All of the data must be written out verbatim, with pictures excluded.
------ RAW DATA ------
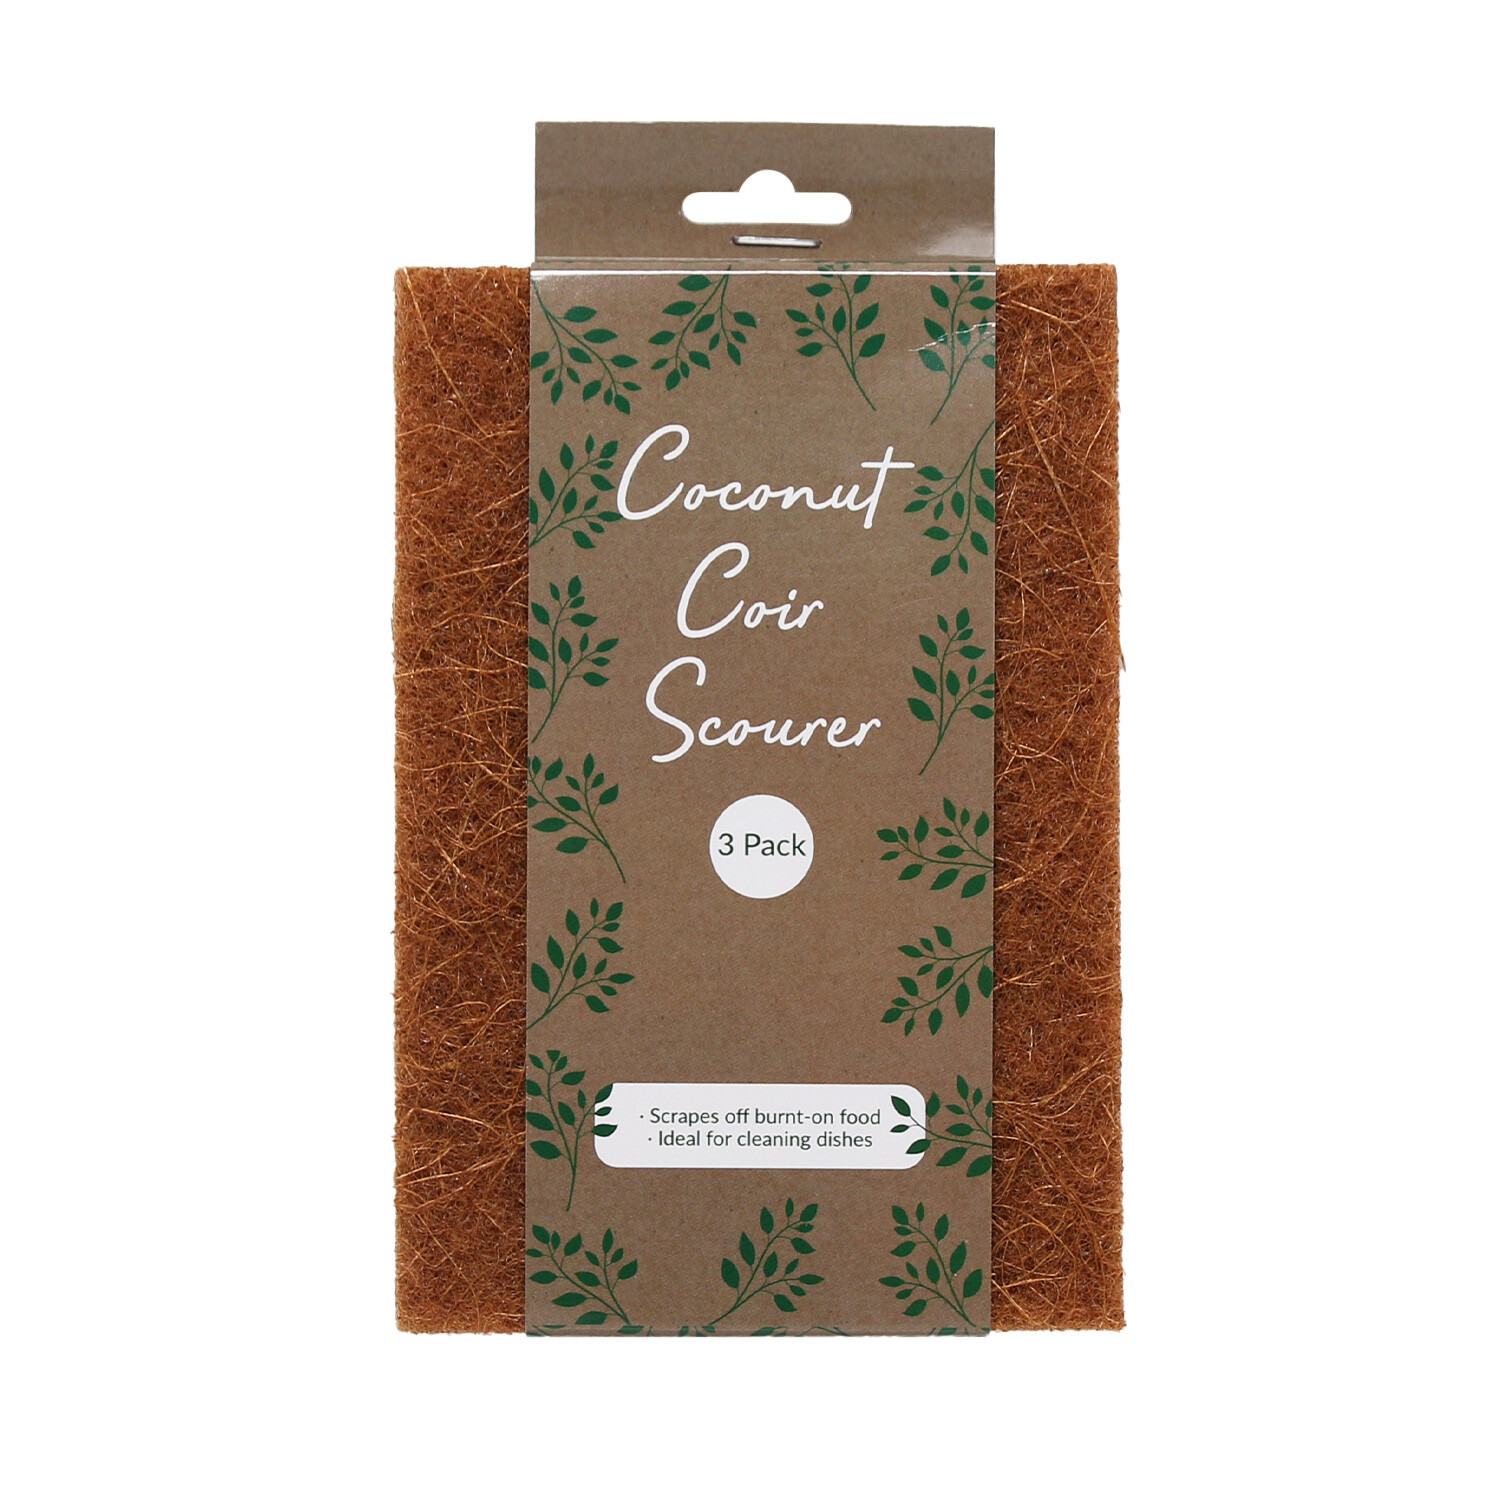 Pack of 3 Coconut Coir Scourers Image
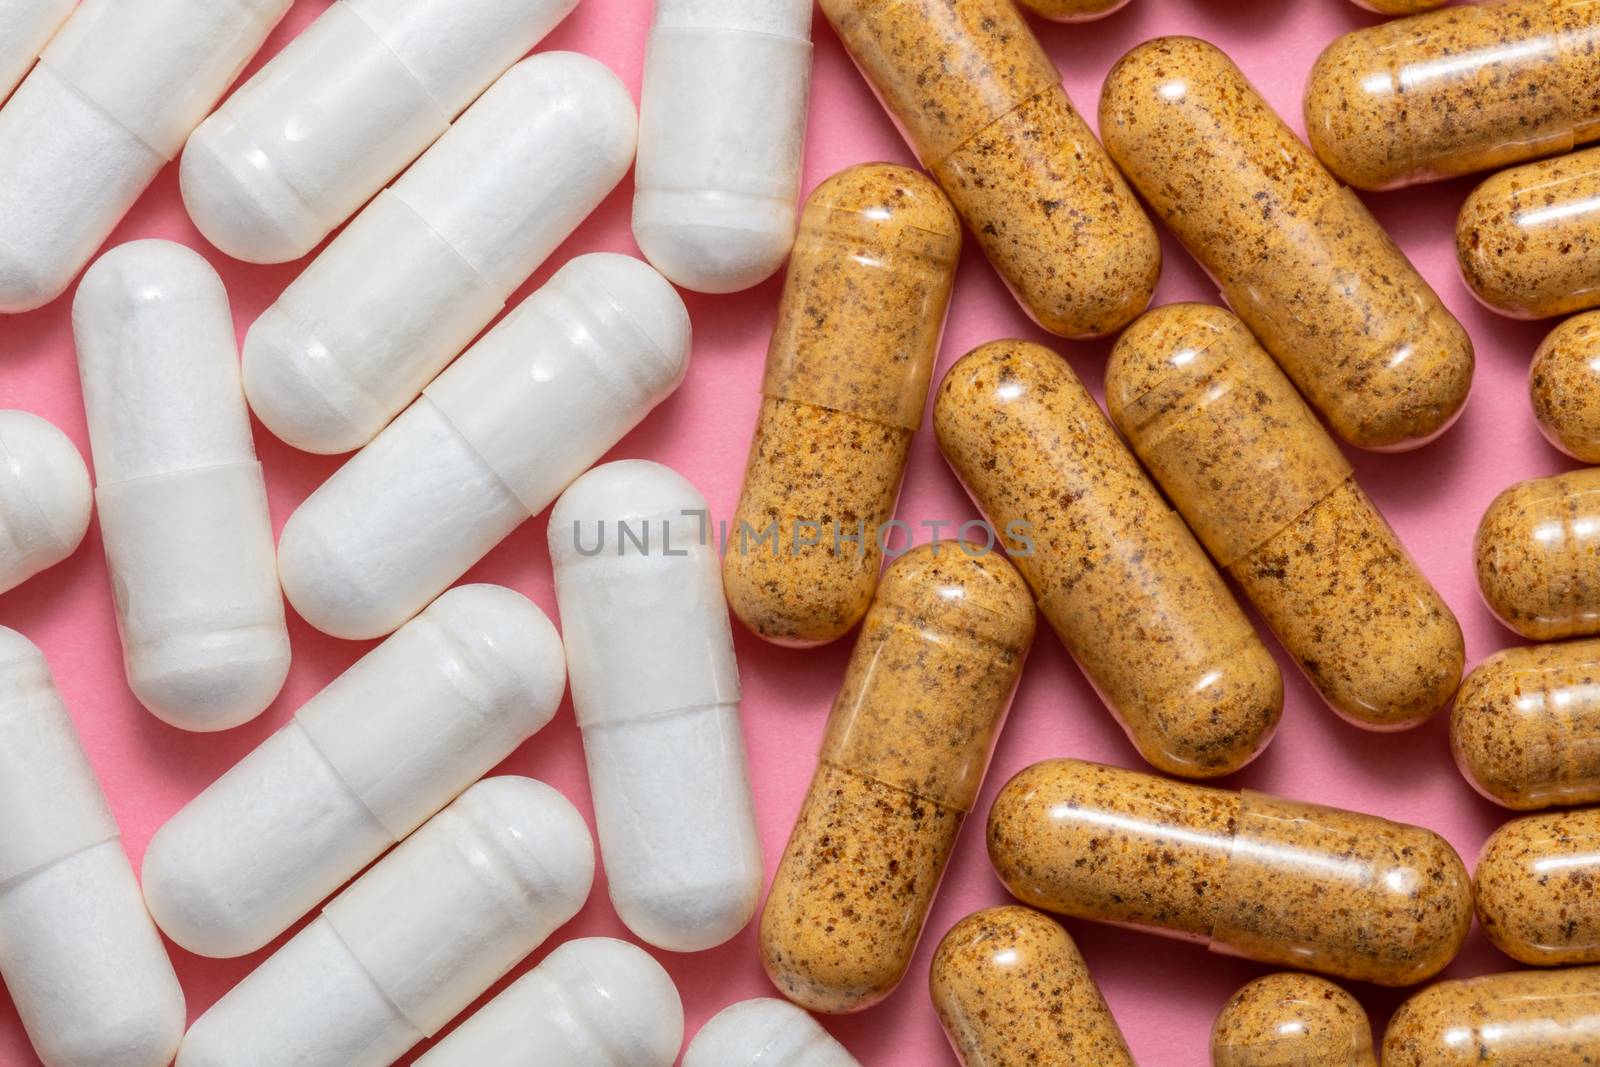 Top close up shot of white and brown pills on pink background. Healthcare, medical and pharmaceutical concept.
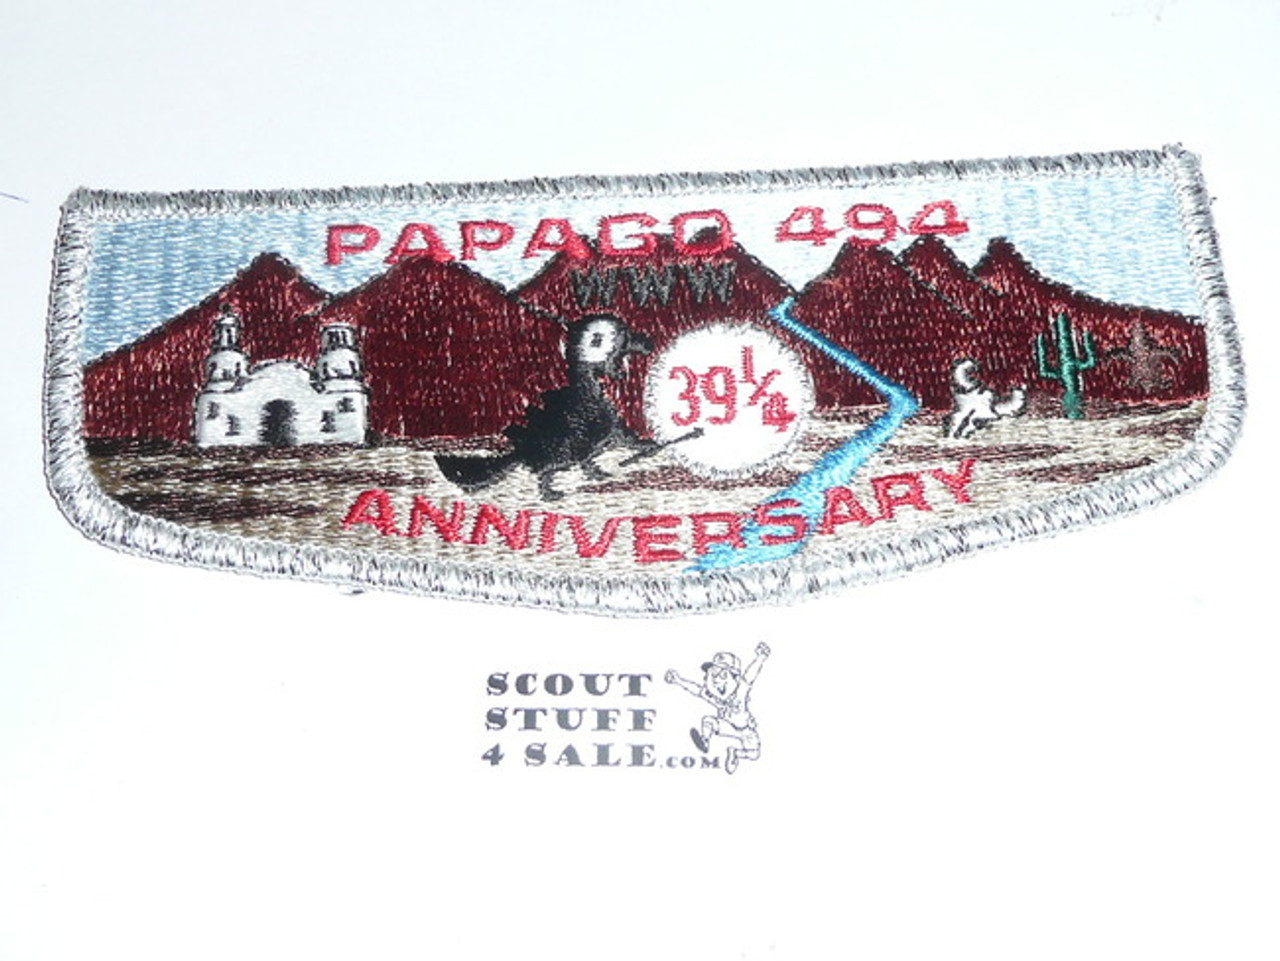 Order of the Arrow Lodge #494 Papago s16 Flap Patch
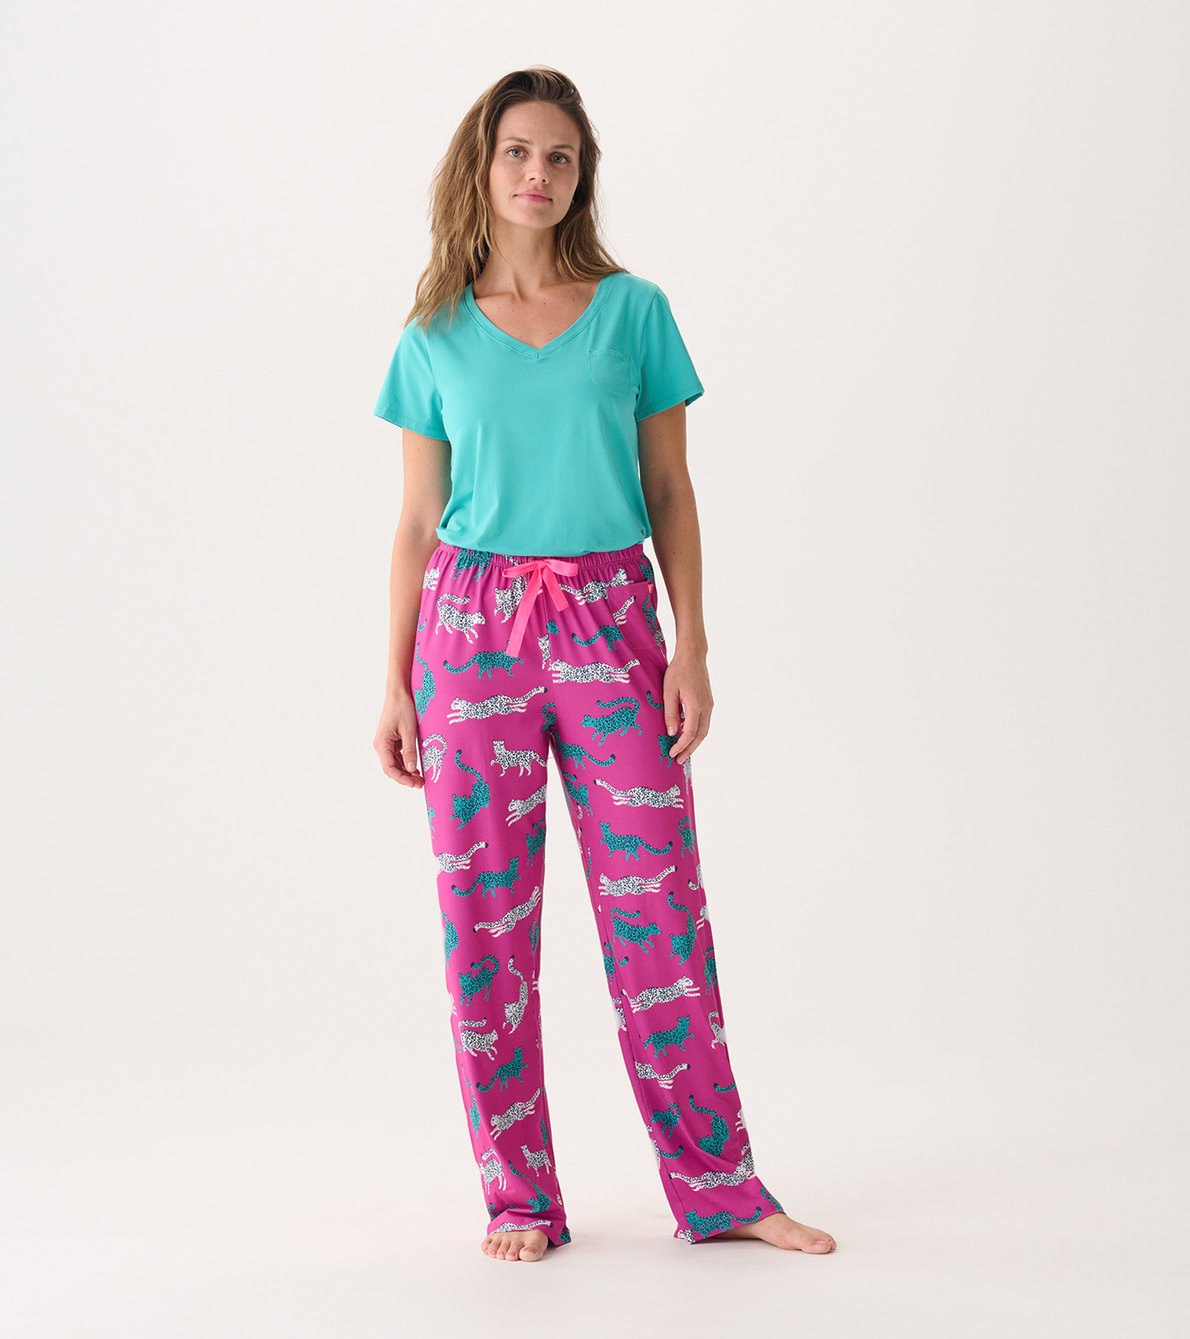 View larger image of Capelton Road Women's Cheetah T-Shirt and Pants
------
## TASK SOLUTION
 Pack of 3 Coconut Coir Scourers Image
 Top close up shot of white and brown pills on pink background. Healthcare, medical and pharmaceutical concept.
 Order of the Arrow Lodge #494 Papago s16 Flap Patch
 View larger image of Capelton Road Women's Cheetah T-Shirt and Pants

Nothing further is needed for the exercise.